Bloomberg Consumer Comfort Index
The Bloomberg Consumer Comfort Index is a weekly, random-sample survey tracking Americans' views on the condition of the U.S. economy, their personal finances and the buying climate. The survey was formerly sponsored by ABC News since 1985.

Board of Governors
Board of Governors of the Federal Reserve System is the central bank of the United States that provides the nation with a safe, flexible, and stable monetary and financial system. The Federal Reserve consists of twelve Federal Reserve Districts as follows:
  • Boston
  • New York
  • Philadelphia
  • Cleveland
  • Richmond
  • Atlanta
  • Chicago
  • St. Louis
  • Minneapolis
  • Kansas City
  • Dallas
  • San Francisco


  • BOE
    Bank of England

    Bond
    A debt investment in which an investor loans money to an entity (corporate or governmental) that borrows the funds for a defined period of time at a fixed interest rate. Bonds are used by companies, municipalities, states and U.S. and foreign governments to finance a variety of projects and activities.

    BPS
    Basis point. One-hundredth of a percentage point (1/100 of 1%). One percentage point equals 100 basis points.

    Building Permits
    The Building Permits released by the US Census Bureau, at the Department of Commerce shows the number of permits for new construction projects. It implies the movement of corporate investments (US economic development). It tends to cause some volatility to the USD. Normally, the more growing number of permits, the more positive (or bullish) for the USD.

    Bull Flattener
    A bull flattener is when yields in the long end of the curve are falling faster than yields in the front end of the yield curve. For instance if 10yr TSY note yields are falling faster than 2yr TSY notes, then the spread between the two TSY coupons would be tightening or more simply put there are less yield basis points separating the 2yr note and 10yr note.

    Bull flattening
    A yield-rate environment in which long-term rates are decreasing at a rate faster than short-term rates. This causes the yield curve to flatten as the short-term and long-term rates start to converge.

    Bull Steepener
    A bull steepener is when yields in the front end of the yield curve are falling faster than yields in the long end of the yield curve. For instance, if the 2yr note yield was falling faster than the 10yr note yield, then the difference between the 2yr note yield and the 10yr note yield would be increasing the yield spread between the 2yr and 10yr would be getting higher, or wider.

    Bunds
    The German government's federal bond. The bund is issued to the public as a way for the German government to finance its spending. The bund is like the Treasury bonds in the U.S. They are government-backed instruments of the highest quality.

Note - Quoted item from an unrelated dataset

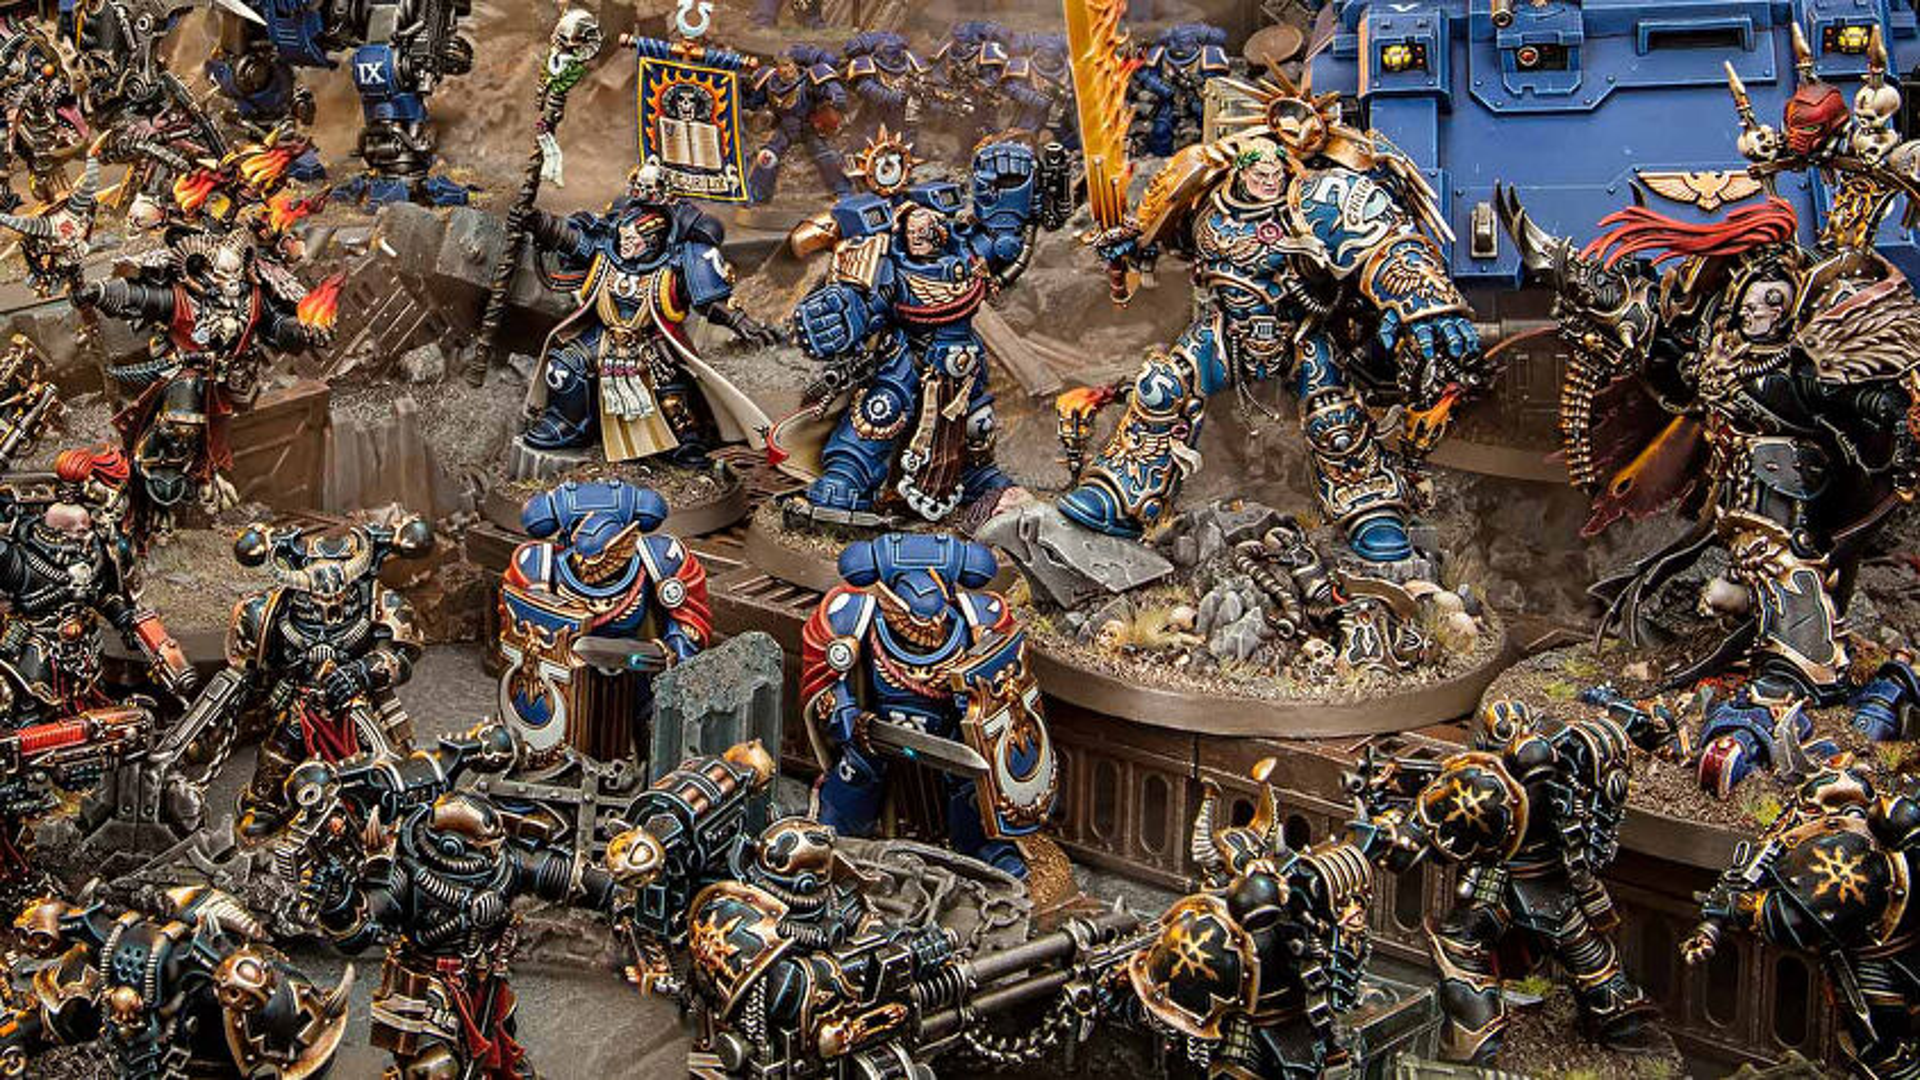 Warhammer 40K miniatures game miniatures image 1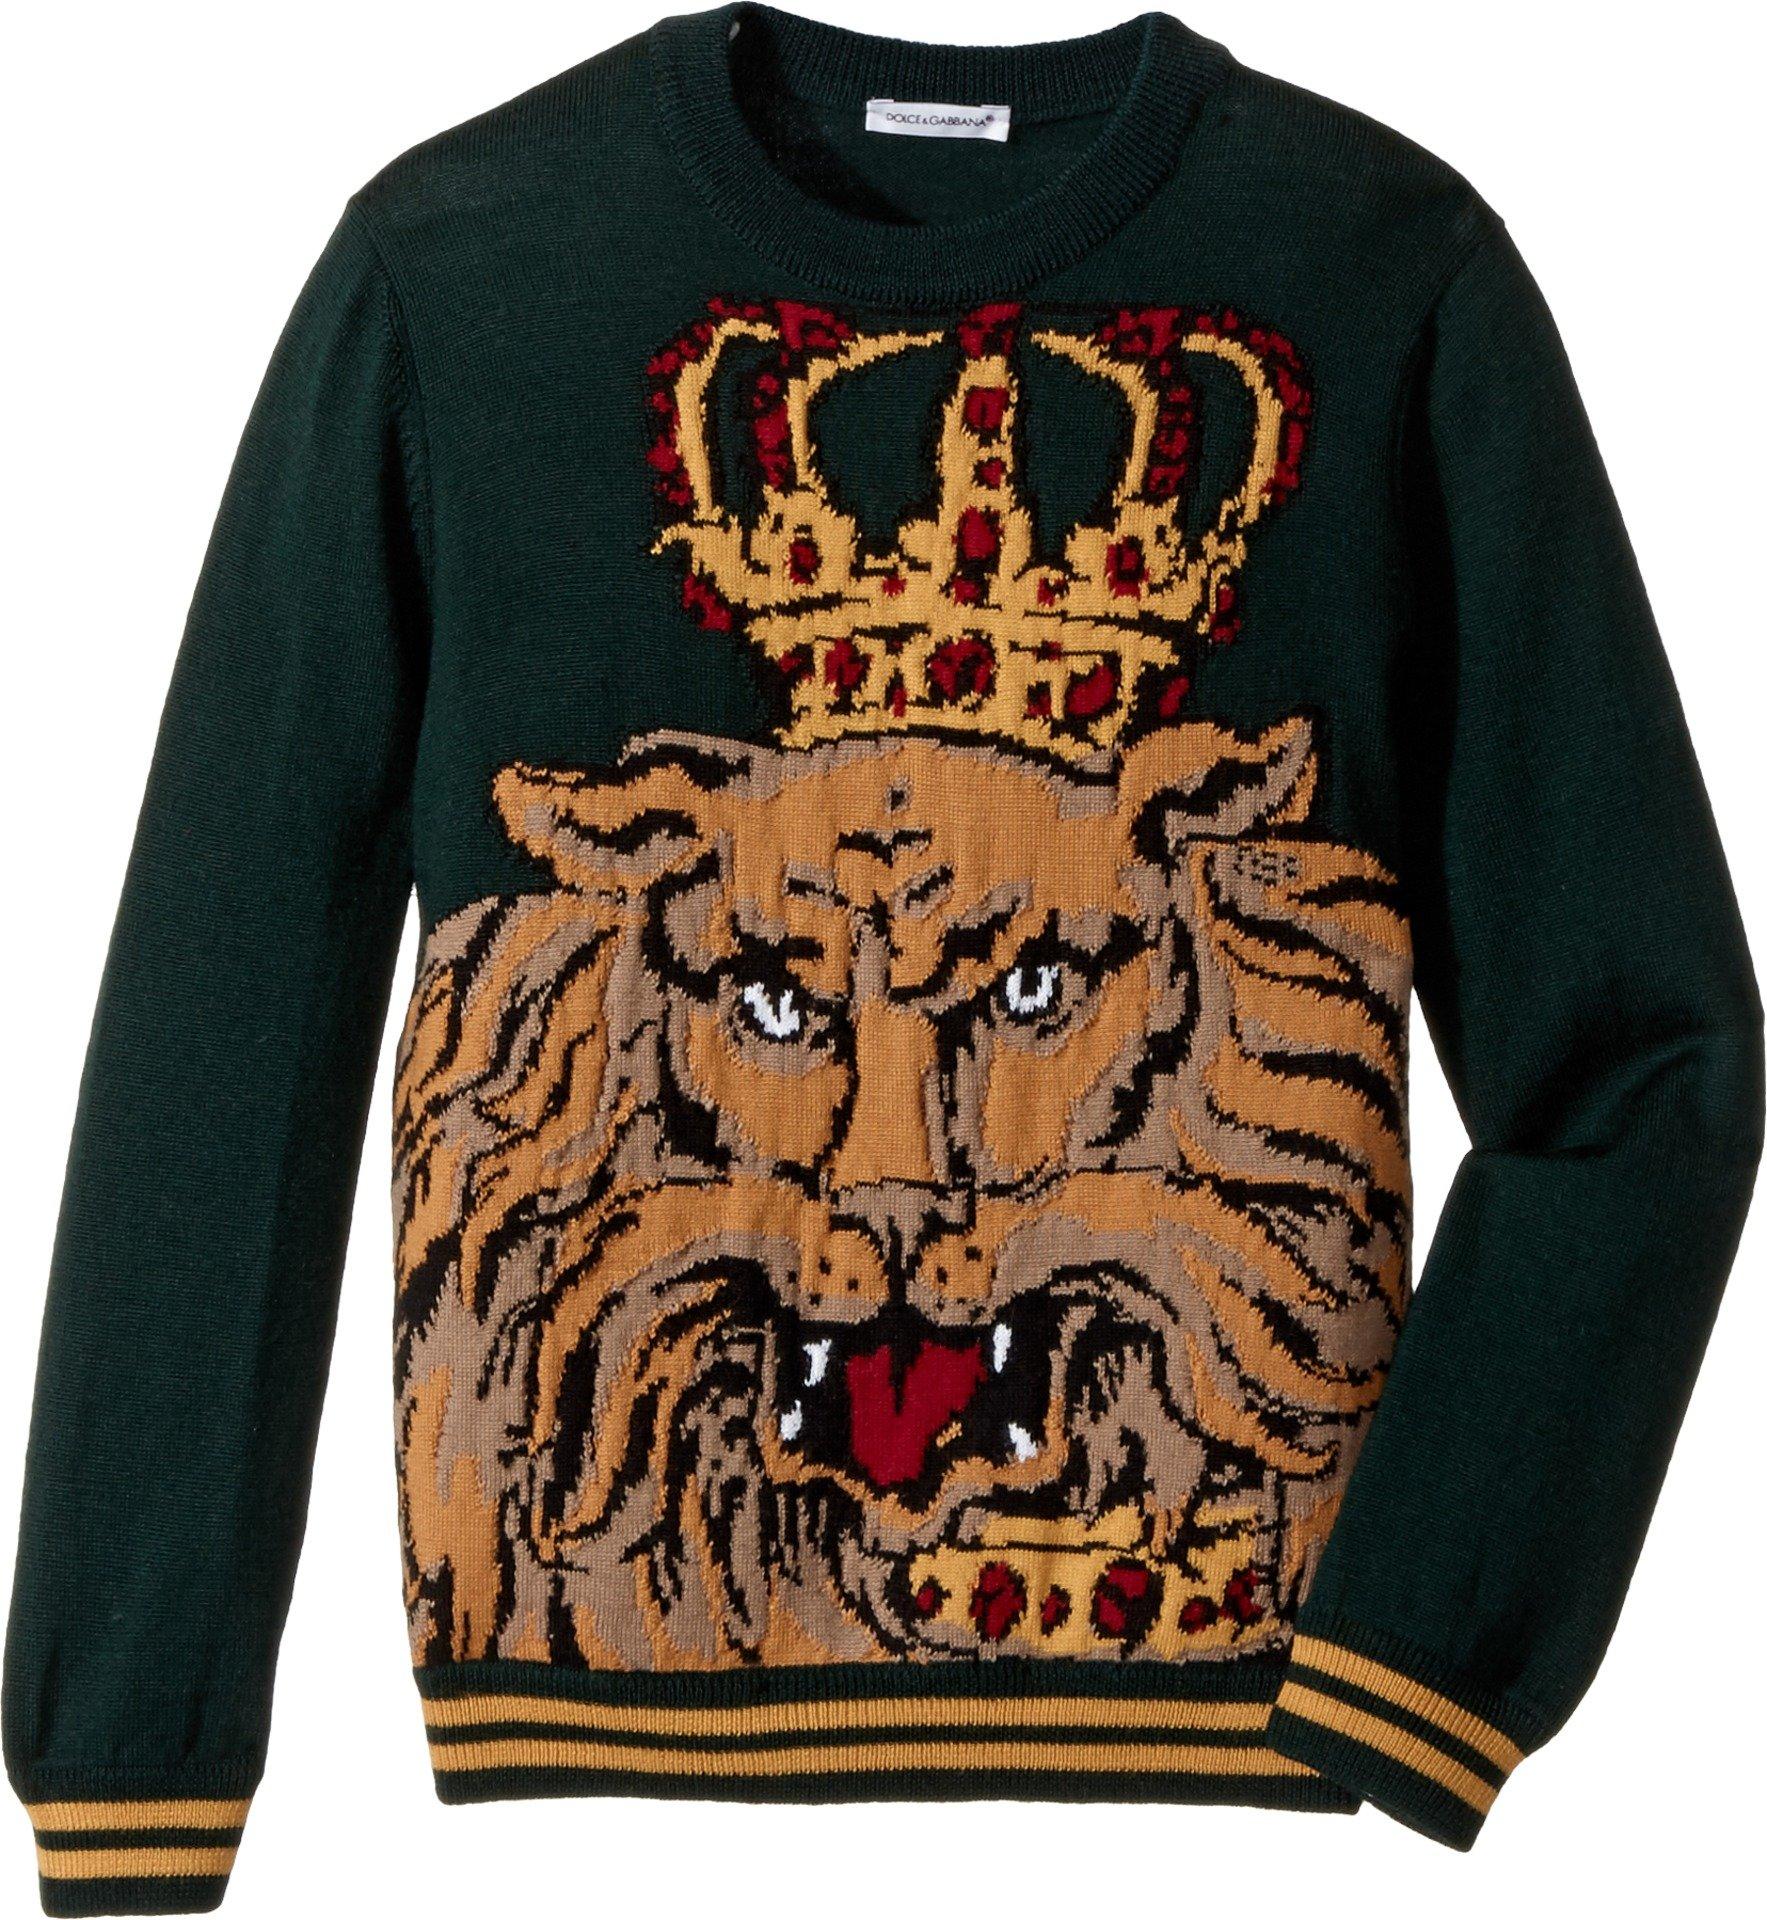 Dolce & Gabbana Kids Baby Boy's Lion King Sweater (Toddler/Little Kids) Green Print 6

    Bureau of Labor Statistics (BLS)
    The Bureau of Labor Statistics of the U.S. Department of Labor is the principal Federal agency responsible for measuring labor market activity, working conditions, and price changes in the economy.

    Business Inventories
    An economic figure that tracks the dollar amount of inventories held by retailers, wholesalers and manufacturers across the nation. Business inventories are essentially the amount of all products available to sell to other businesses and/or the end consumer. When tracked alongside a sales index, production activity in the near term can be predicted.

    Buyback
    A corporation's repurchase of stock or bonds it has issued. In the case of stocks, this reduces the number of shares outstanding, giving each remaining shareholder a larger percentage ownership of the company. This is usually considered a sign that the company's management is optimistic about the future and believes that the current share price is undervalued. Reasons for buybacks include putting unused cash to use, raising earnings per share, increasing internal control of the company, and obtaining stock for employee stock option plans or pension plans. When a company's shareholders vote to authorize a buyback, they aren't obliged to actually undertake the buyback which is also called corporate repurchase.